Fifth, deletion protection is not optional for production databases. If a single command can delete your RDS instance, you have designed a system that will eventually be deleted. It might be by a junior engineer, a rushed senior engineer, a compromised credential, or an AI agent trying to be helpful.

Sixth, moving Terraform state to S3 gives you a consistent view and prevents silent loss. Remote state is not just for teams. It is for anyone who owns more than one machine, or who might reinstall an OS, or who might run Terraform from a CI runner tomorrow.

Seventh, deletion protection must be enforced, not merely available. It is easy to add a lock and just as easy to remove it when it becomes inconvenient. The point is to create friction that forces a deliberate decision, ideally with peer review.

Eighth, versioned S3 backups preserve a safety net because deletion becomes a process, not an accident. Versioning does not make you invincible, but it makes "oops" much harder to turn into "gone."

Ninth, you must test restores. A backup you have never restored is a comforting story, not a capability. The first time you run a full restore should not be during an outage at midnight.

Tenth, the operating principle is trust but verify. Automation should be scoped to read and propose changes. Destructive operations should require explicit human approval and multiple guardrails, even if it slows you down on a normal day.

What I changed the next day

I did not want a single command, from any tool, to be able to wipe everything again. So I changed the system, not just my behavior.

I moved Terraform state to S3 so it is no longer tied to one laptop. That alone removes the original condition that made Terraform think production did not exist. It also makes it harder for a stray archive extraction to quietly swap reality.

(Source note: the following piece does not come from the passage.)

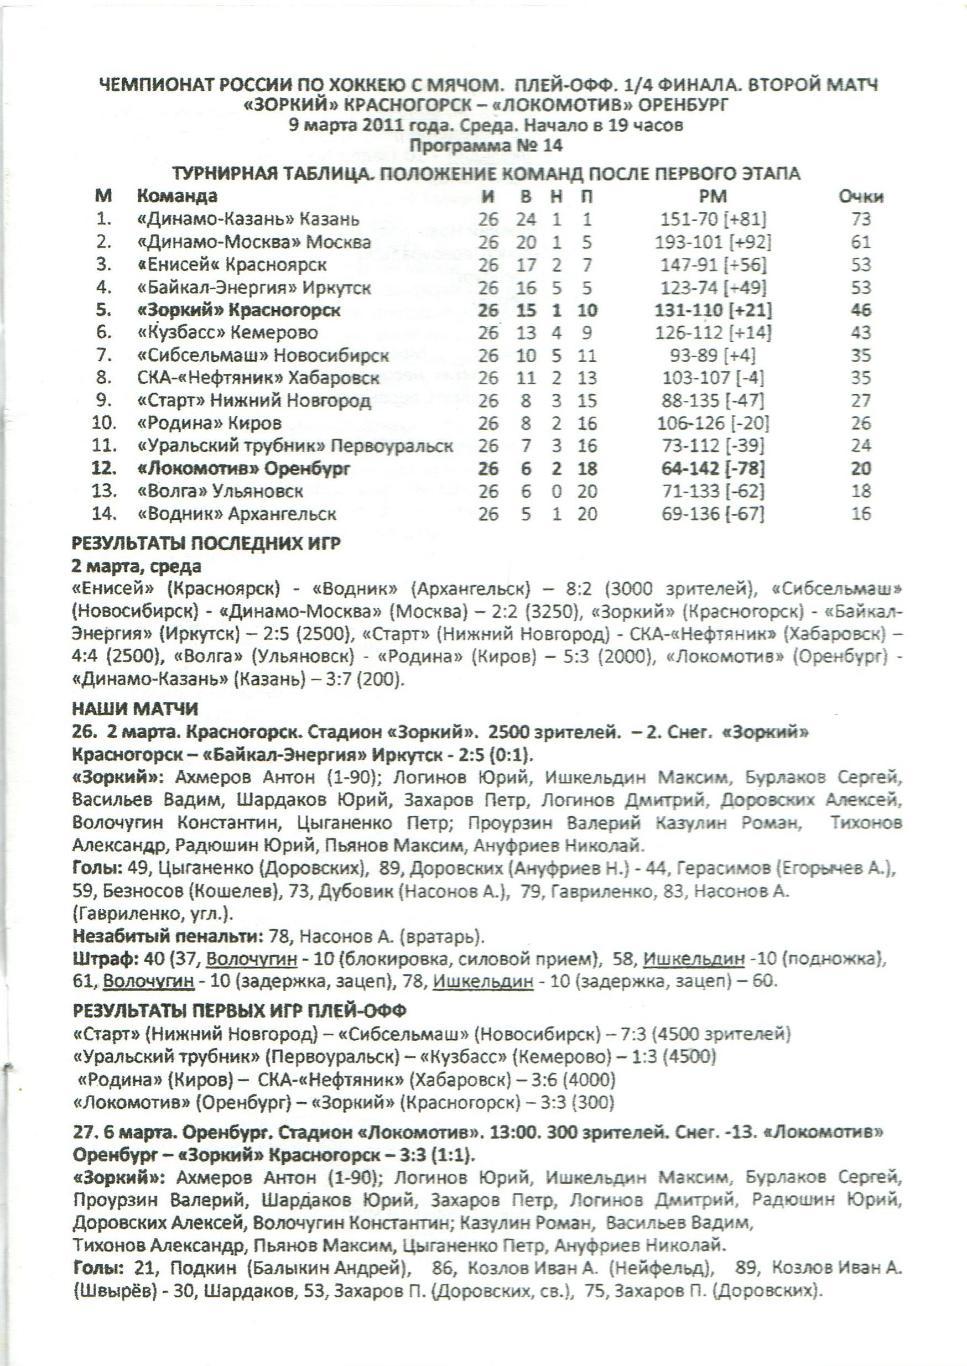 Зоркий Красногорск – Локомотив Оренбург 09.03.2011 Плей-офф 1
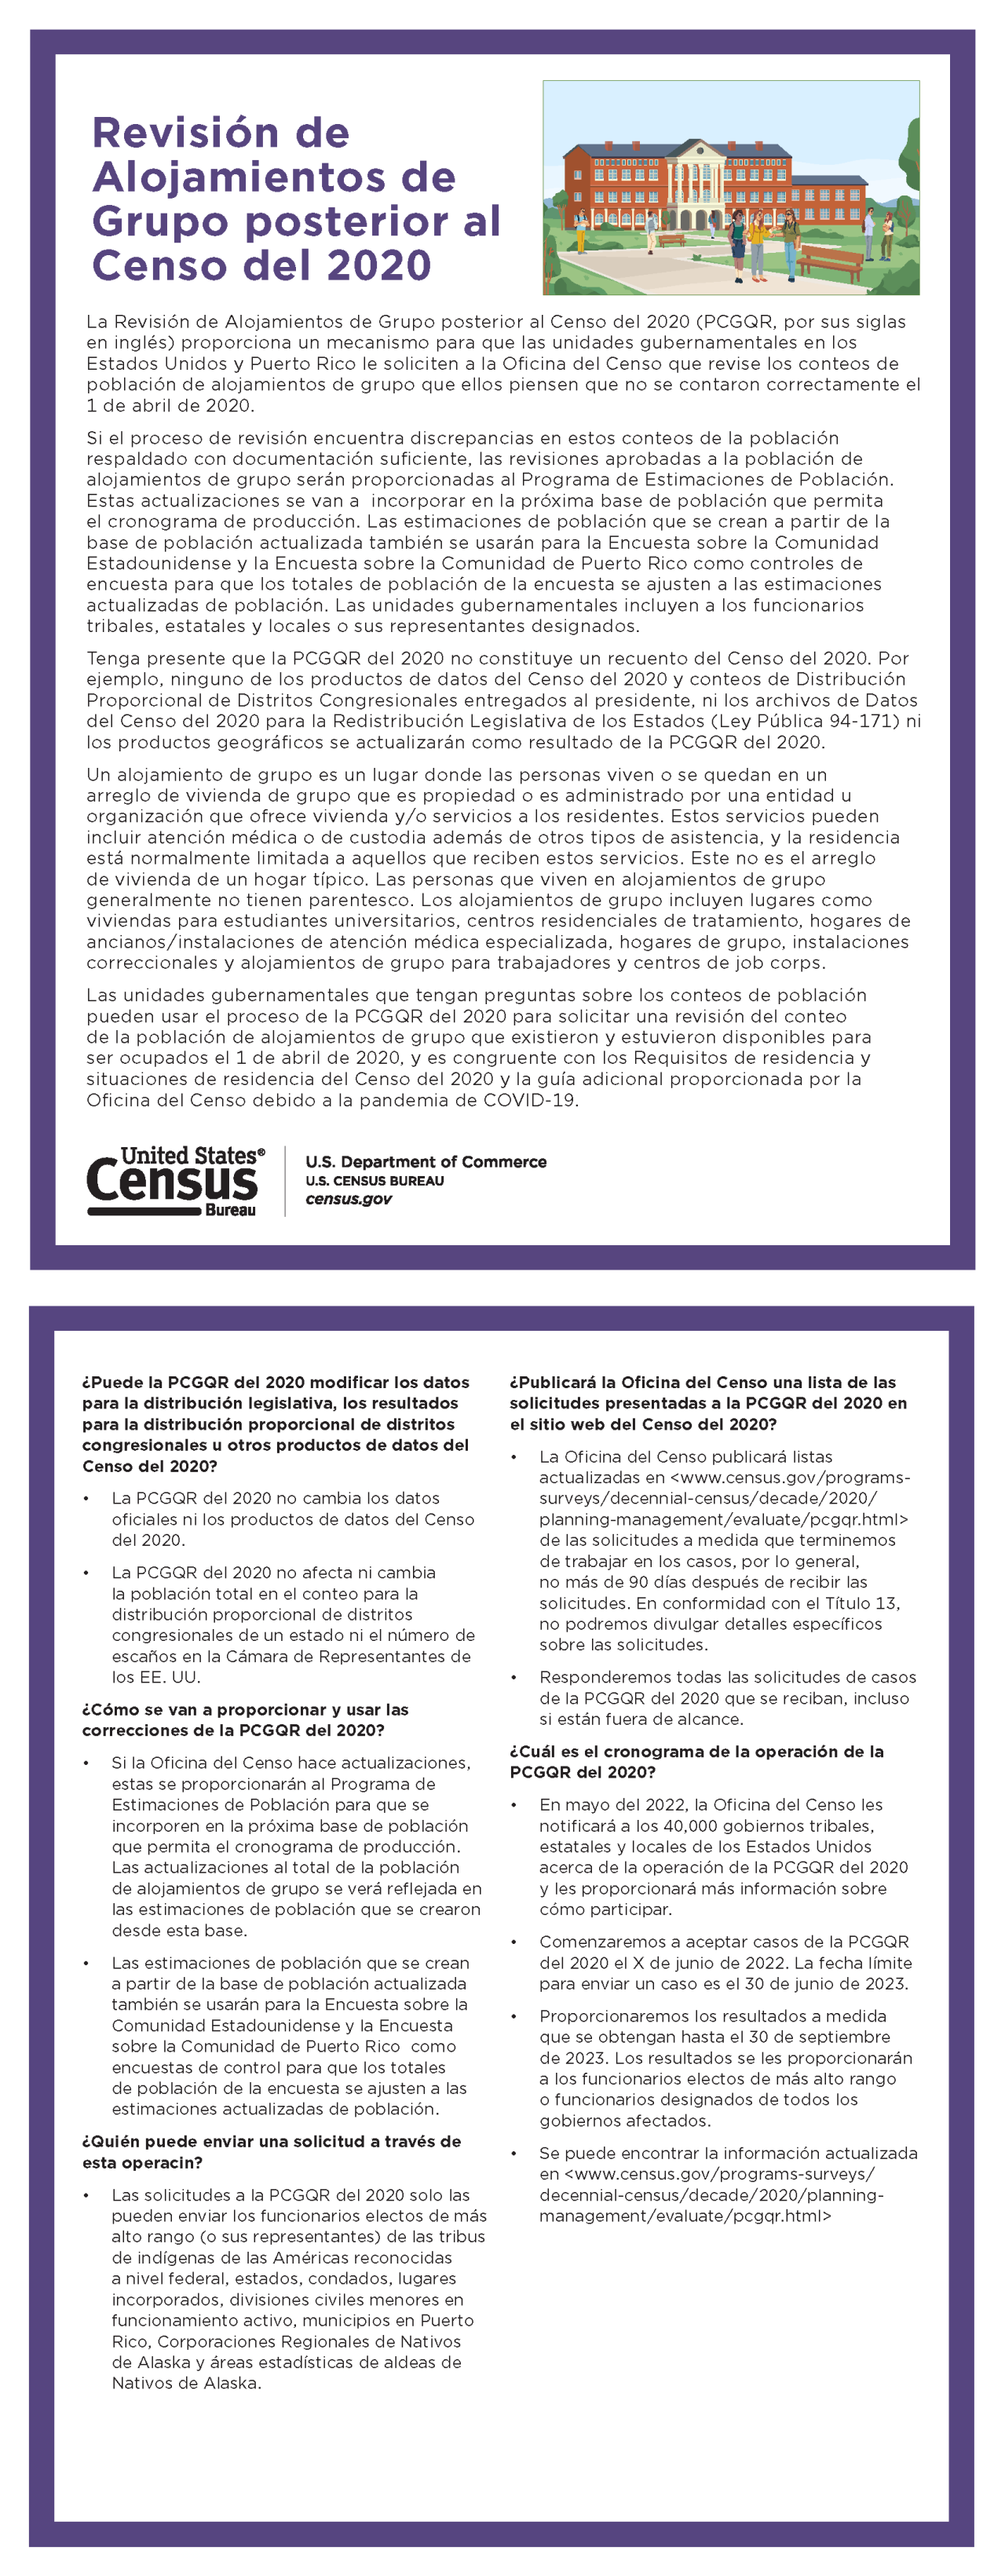 Revision de Alojamientos de Grupo posterior al Censo del 2020

I enabled deletion protection at two levels, in Terraform configuration and in AWS. The goal is not to make deletion impossible. The goal is to make deletion intentional, slow, and obvious.

I created backups that are not managed by Terraform's lifecycle. I also added S3-based backups and enabled S3 versioning. If infrastructure is destroyed, the backups should still be there, and if someone deletes an object, older versions should remain recoverable.

Then I built a restore test that runs every day. After the nightly automated backup, a Lambda function creates a new database instance from that backup. Another Lambda, orchestrated with Step Functions, runs a simple verification query to confirm the database is usable. After validation, the restored database is stopped rather than deleted so I only pay for storage, not compute. Yesterday's restored copy is removed. At any time, there is a recently restored replica that can be started quickly.

Finally, I changed how I use AI agents with Terraform. Agents no longer execute commands. They do not auto-apply. They do not write files in the Terraform directory. They can draft changes and explain plans, but I run the commands myself after reading the diff like it is a contract.

The guardrails that matter most in real life

The most effective safeguards are the ones that still work when you are tired and trying to "just get it done." Remote state, deletion protection, and restore testing are boring. That is why they work. They do not depend on your mood, your memory, or your optimism.

If you are building on AWS today, the uncomfortable question is not whether you trust your tools. It is whether your production environment is designed to survive your next perfectly reasonable mistake.